Well, at least for sysctl's SYSCTL_SETUP() stuff, you probably don't want to use the same initialization call for modules as is used for built-ins. The built-ins are initialized with an explicit NULL argument passed for the sysctl_clog argument, which makes it difficult for a module to do its clean-up. Modular code needs to (or at least, should?) pass a non-null module-specific clog so it can be used during an "undo" at MODULE_CMD_UNLOAD time.
Indeed I consider it a bug if a module uses SYSCTL_SETUP() (and does not tear down the nodes after unload). This applies more generally to drivers too.
JMHO ...
When it processes section 5 it allocates 4 bytes somewhere ... Since the entries are all pointers (actually it ought to be possible to use any fixes size structure) it known where the end is.

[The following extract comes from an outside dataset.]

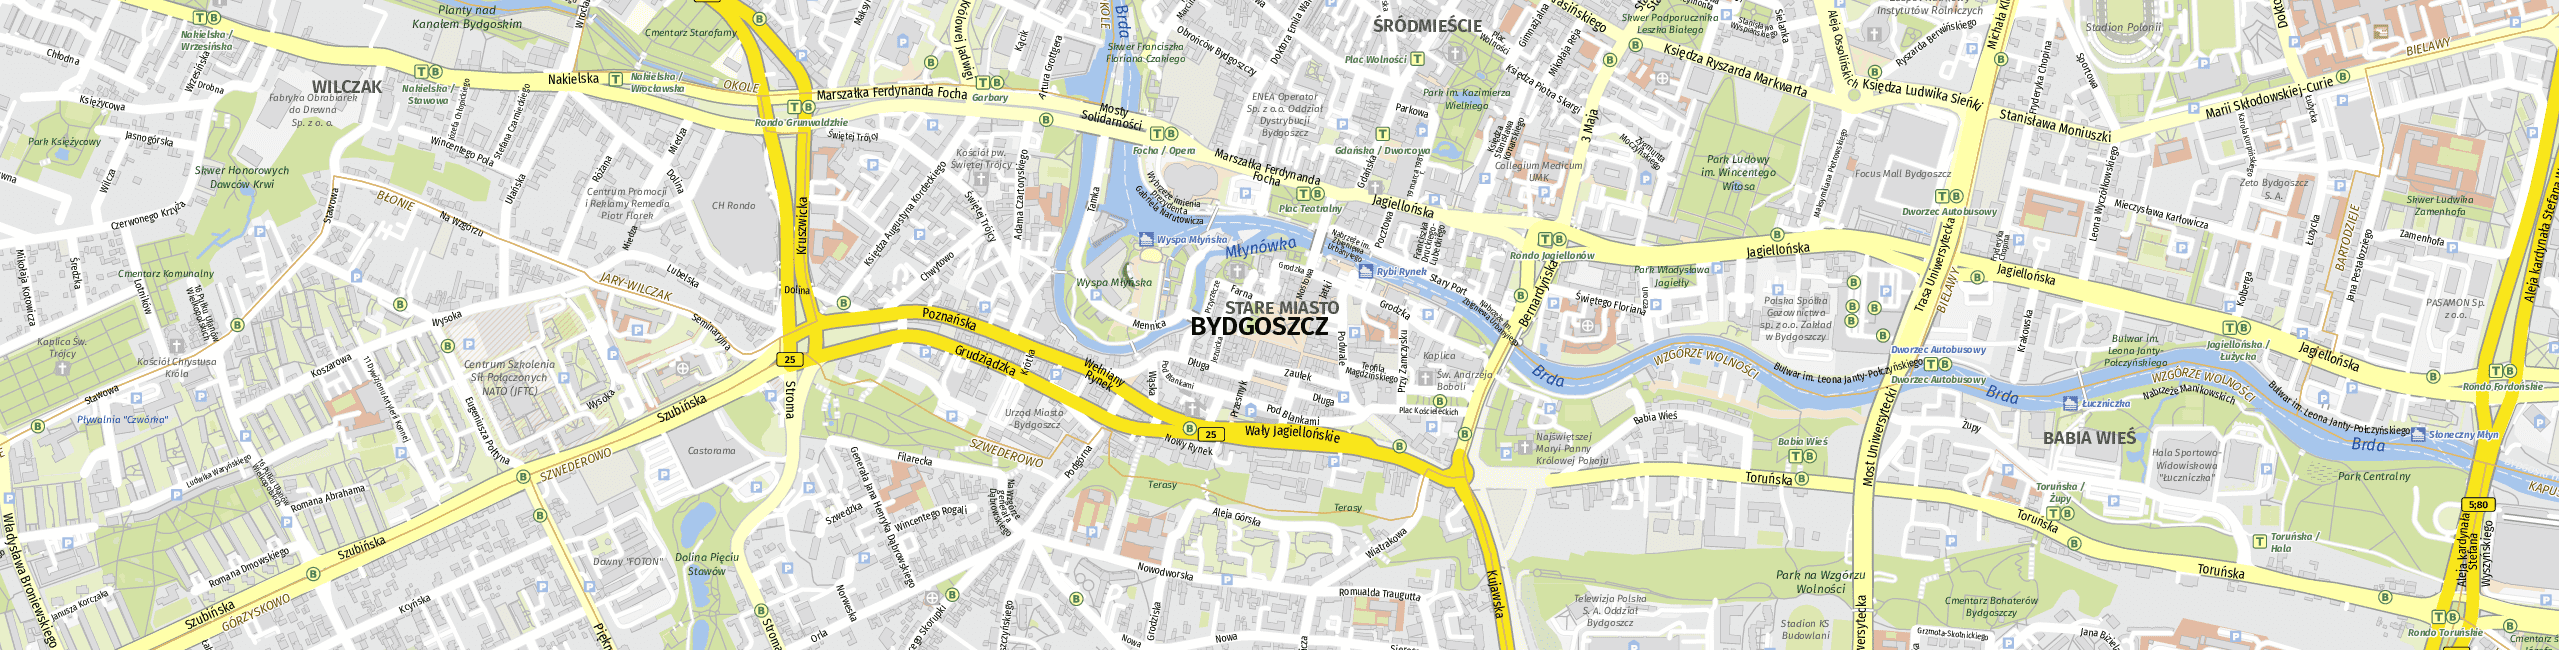 Stadtplan Bydgoszcz zum Downloaden.

Section 5 deals with the SYSCTL_SETUP() stuff. When modules create a sysctl(9) sub-tree, they have to explicitly call sysctl_createv() since the initializer(s) defined by SYSCTL_SETUP doesn't get called.
(The code that does call the SYSCTL_SETUP() initializers uses the __link_set_foreach() macro which depends on the {start,end} symbols - see sysctl_init() in src/sys/kern_sysctl.c)
So, I'm still hoping to see a prototype the works for both built-in and independantly-linked modules ...
:)
Plausibly this data could be in a linkset itself!
Hmm. If this data were available (at link time) in your model, it should already be available within the existing framework.
Since I'm lacking a clue or two, I'll defer further comments here until there's a prototype to work with.
It would be an error to try to load a module which contained a linkset without anything defined to process it.
I _do_ like part 2 of your proposal - linking the "core" kernel first, and then re-linking with selected modules.